Investigators concluded he had concealed them in his rectum before arriving at prison Tuesday evening. He had been ordered there after failing a routine drug test, and now faces additional charges of smuggling contraband.
“I have some real difficulty with the structure in which these two boys live,” O’Neill said, noting the guns, ammunition and assortment of drugs that at various times had been in the Reids’ home and cars. “What is the supervision?”
Mike Wood, a family therapist at the Livengrin Foundation for Addiction Recovery in Bensalem, noted that addicts are very manipulative and creative, good at concealing things. It may be unfair to hold parents accountable for them into adulthood, he said.
“They are adults,” Wood said in an interview Friday. “There is really is no responsibility” on the parents’ part.
A search of the Reids’ home Thursday night – an effort to trace the drugs found in Garrett Reid’s cell – found nothing that had not been prescribed, Montgomery County District Attorney Bruce L. Castor Jr. said.
O’Neill, however, scolded the brothers in court for not taking enough responsibility for their recoveries.
O’Neill suggested that Andy and Tammy Reid, while “loving and supportive,” may have coddled their sons too much. And that their repeated efforts to put the two through drug rehabilitation may have backfired, leaving them dependent on a “cocktail” of prescribed medications.

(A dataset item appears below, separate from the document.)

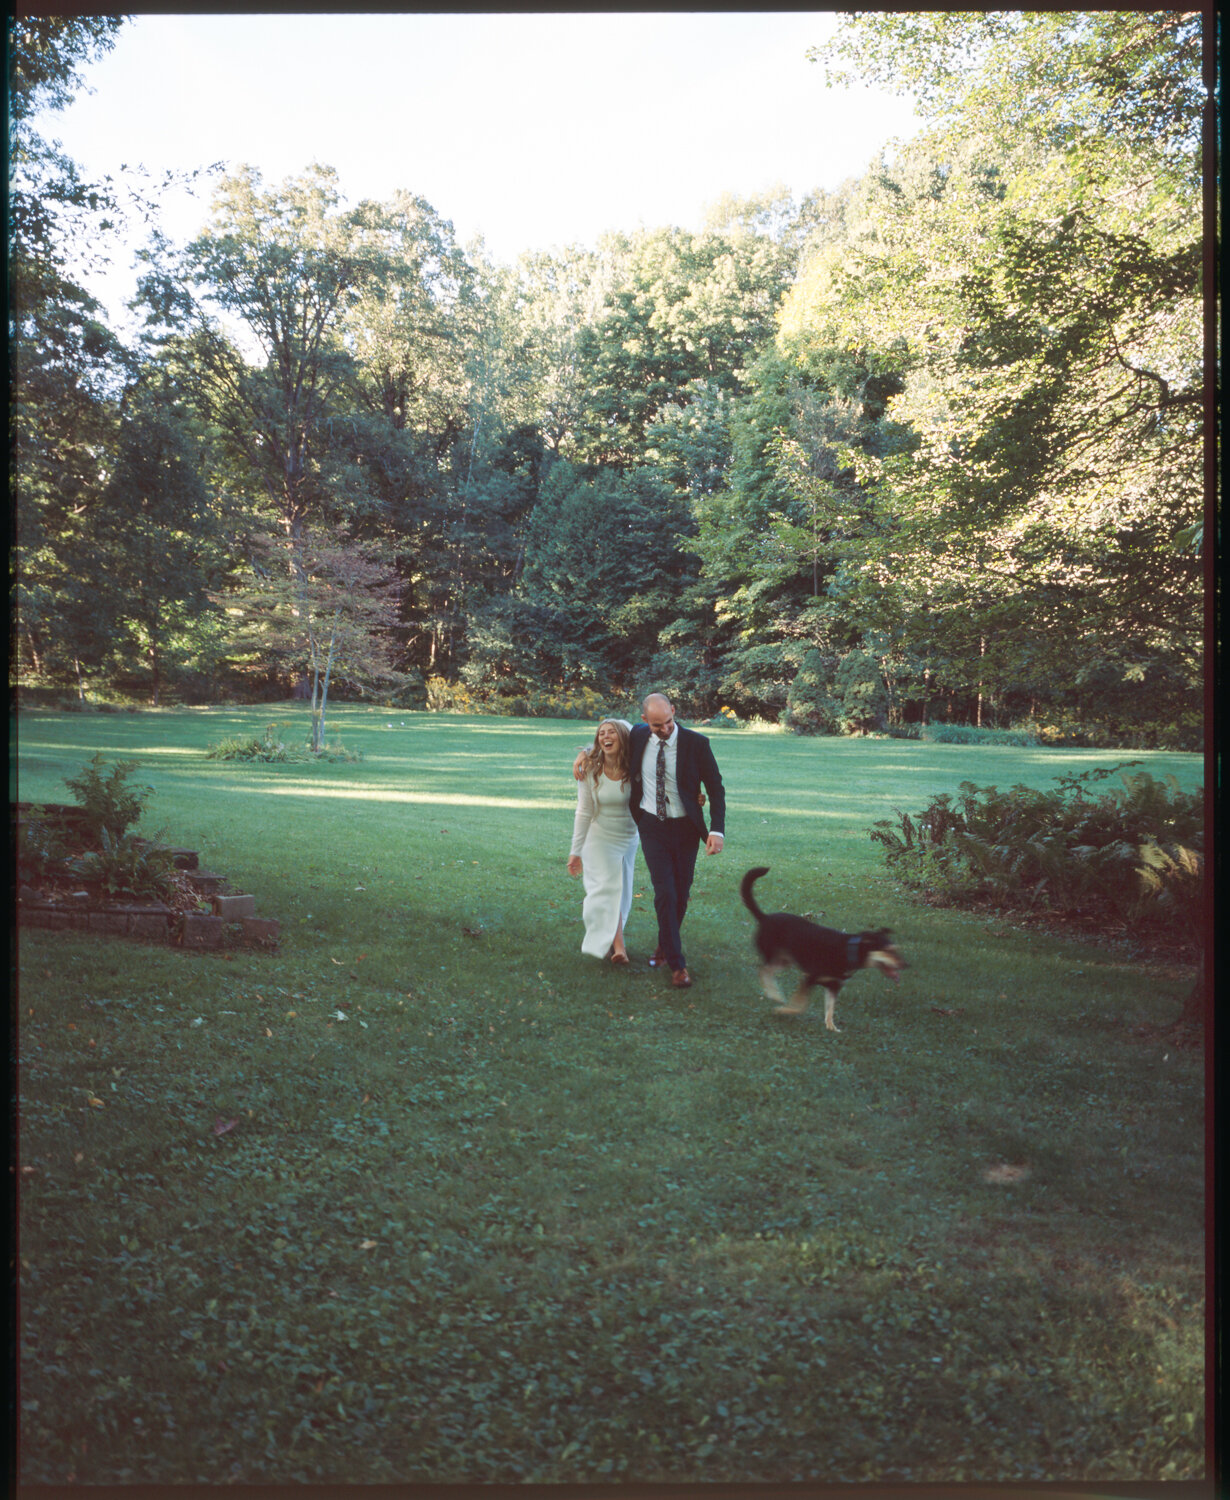 Analog-Film-Micro-Wedding-Photos-Inspiration-Backyard-Toronto-Ontario-82.JPG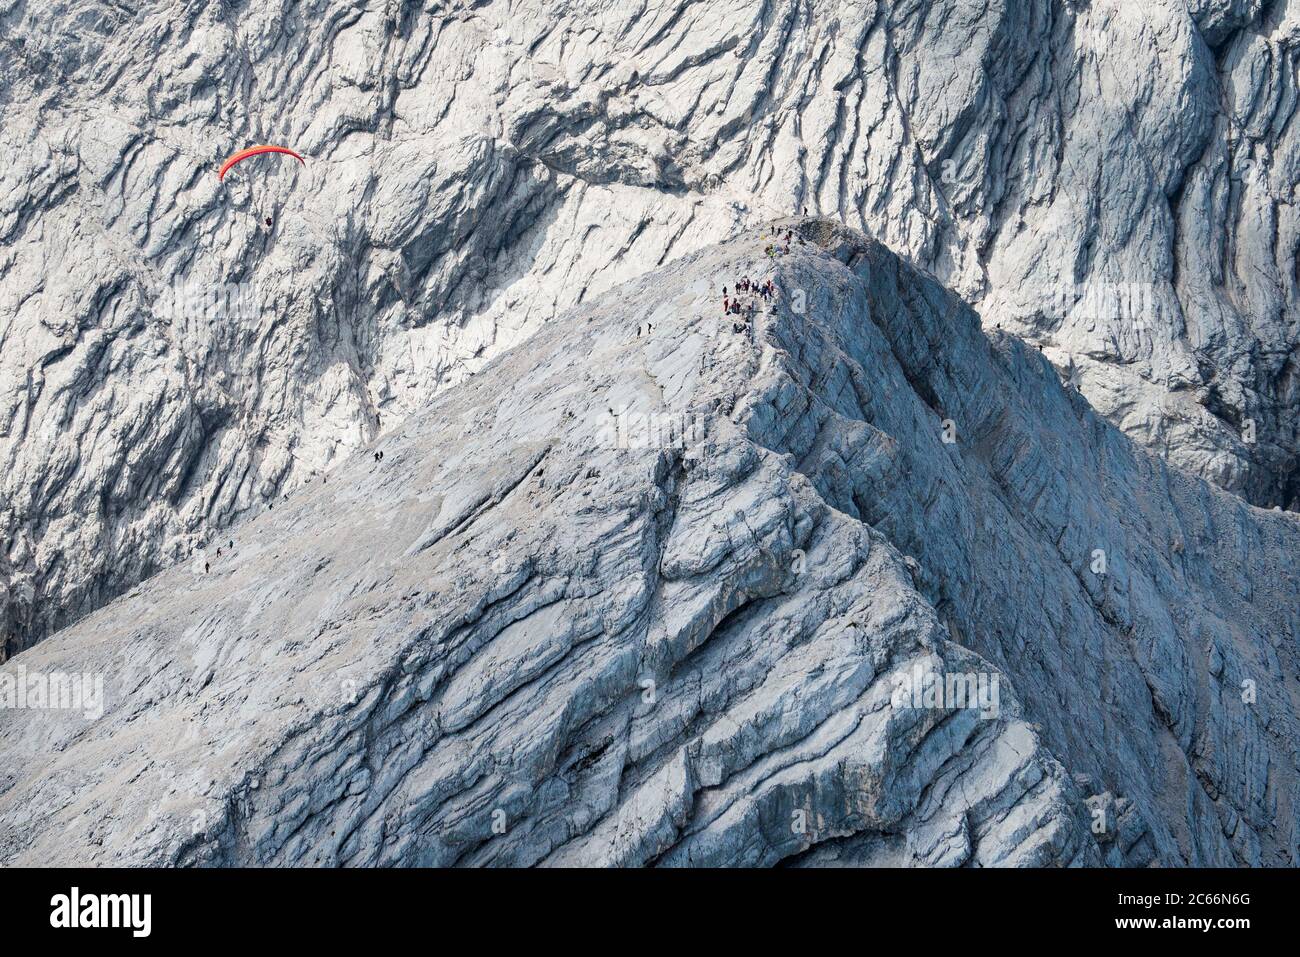 Alpspitze picco con alpinisti e parapendio, montagna Hochblassen sullo sfondo, foto aerea, Garmisch-Partenkirchen, Baviera, Germania Foto Stock

Using a phrase that dominated the news, O’Neill likened the Reids’ house to a “drug emporium,” where the parents doled out the prescribed daily doses for their sons, who swallowed them blindly.
At Thursday’s sentencing, Andy and Tammy Reid kept the lid on at the courthouse, declining to speak to reporters jamming the halls. But a day later, at his regular Friday news conference, Andy Reid briefly broke his silence.
Without specifically addressing O’Neill’s criticism, Reid said he had “huge concerns” for his sons, and had prayed for their futures.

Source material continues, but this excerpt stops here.